Recombinant cynomolgus monkey ACVR1 protein is an important biomedical research tool with a wide range of applications in multiple fields. In basic research, ACVR1 protein is essential for understanding signal transduction. As part of the bone morphogenetic protein (BMP) signal transduction pathway, it is involved in cell growth, differentiation and development processes. The study of this protein helps to reveal the signal transduction process and its role in different biological functions. In addition, ACVR1 protein has applications in gene function research, especially in the study of mechanisms in genetic diseases such as fibrous dysplasia (FOP). In disease model research, ACVR1 protein is used to study bone-related diseases and tumors, including FOP and certain types of cancer, in which heterogeneous activation of the BMP signaling pathway is associated with disease occurrence.
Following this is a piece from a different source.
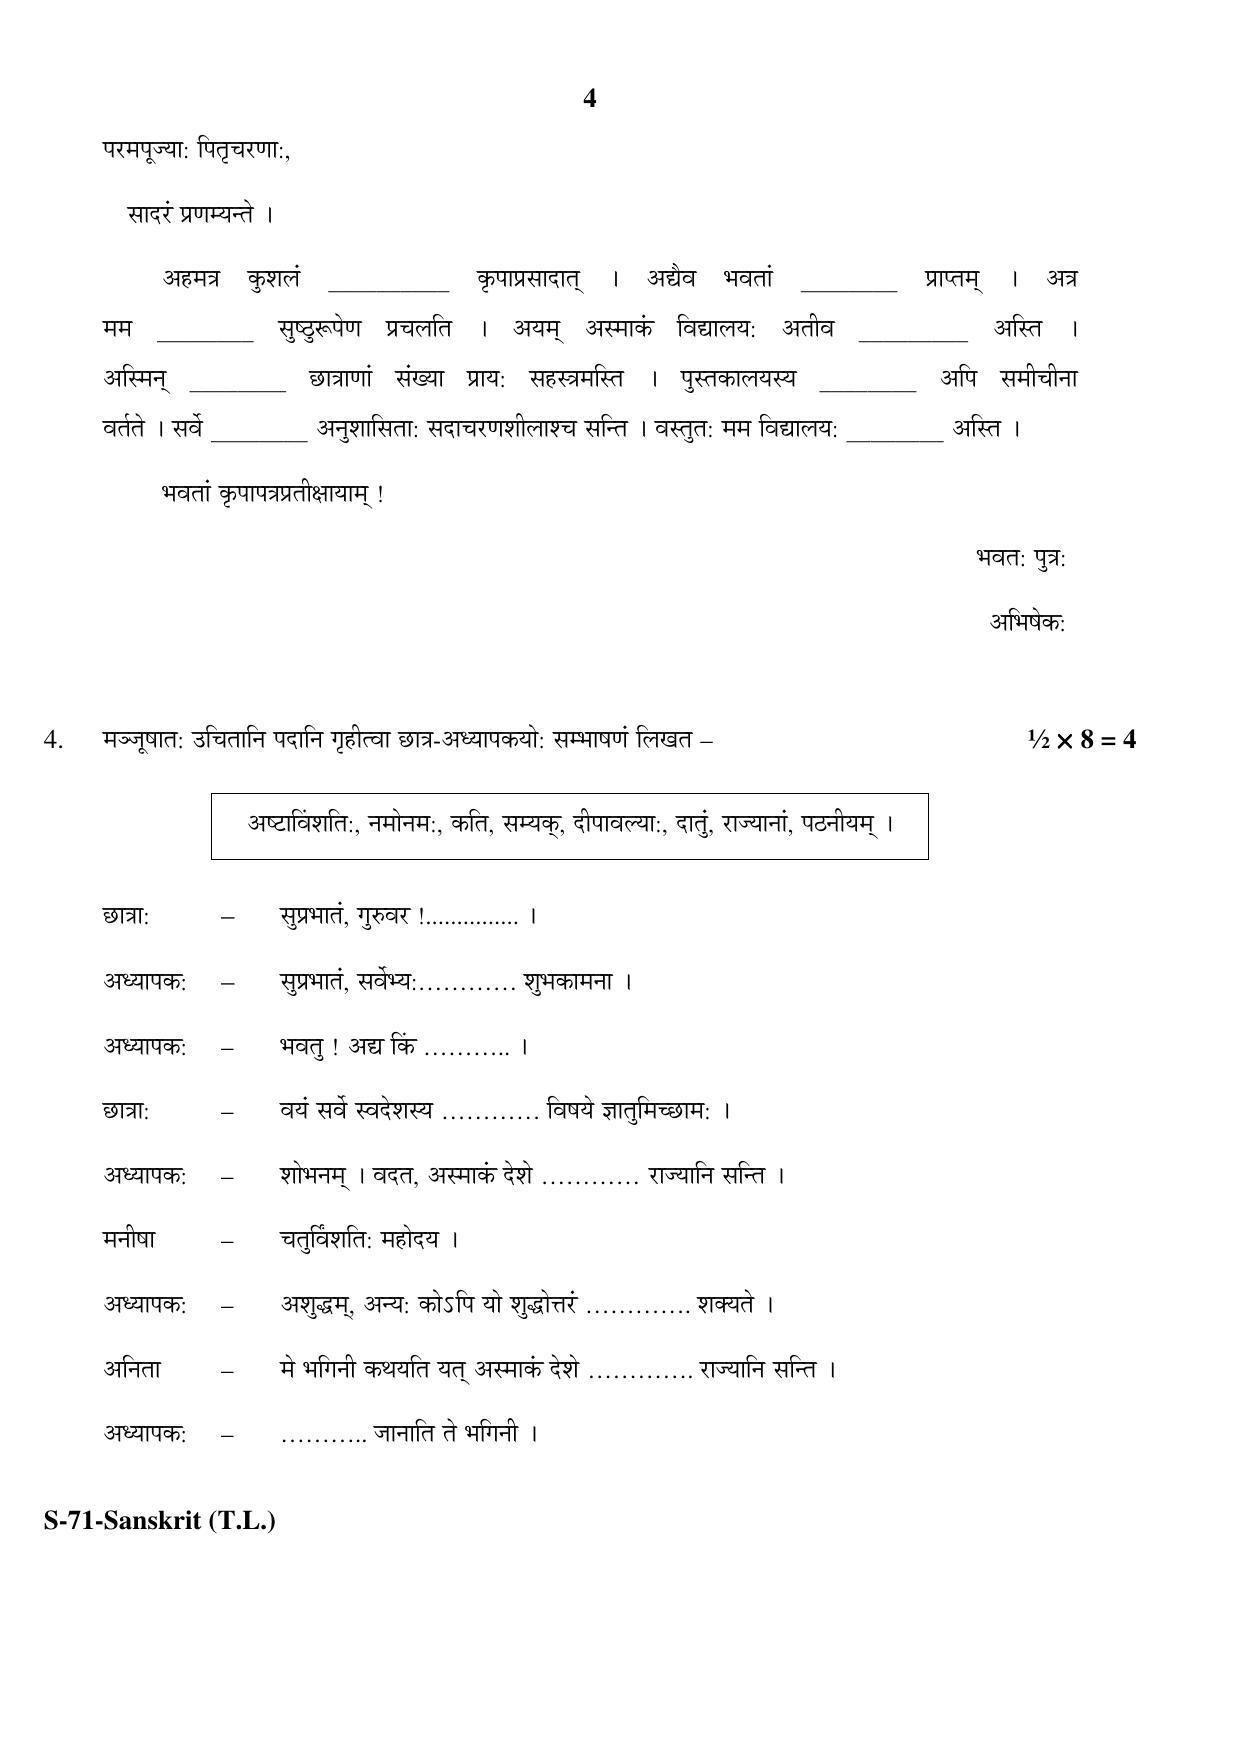 RBSE Class 10 Sanskrit (T.L.) 2017 Question Paper - Page 4

In the field of drug development, ACVR1 protein is a potential therapeutic target, especially in targeted therapy. Due to the role of ACVR1 in a variety of diseases, drug development targeting this protein may provide new treatment options, including the development of inhibitors to block its abnormal signal transduction. In regenerative medicine, ACVR1 protein has potential for application in tissue engineering, especially bone tissue engineering, to promote bone formation. In clinical diagnosis, changes in the level of ACVR1 protein may serve as a diagnostic marker for certain diseases.

In addition, ACVR1 protein also plays an important role in cardiovascular disease and cancer research. In cardiovascular disease, ACVR1 is involved in the morphogenesis of the heart and valves, and its loss may lead to changes in the expression of cardiac differentiation-related genes, thereby promoting the occurrence of cardiovascular disease and congenital heart defects. In cancer research, ACVR1 is associated with a variety of cancer types, including as a cancer driver gene in diffuse intrinsic pontine glioma (DIPG), and its role in adult glioblastoma and ovarian cancer. These studies not only enhance our understanding of the function of ACVR1 in health and disease, but also provide a scientific basis for the development of new therapeutic strategies.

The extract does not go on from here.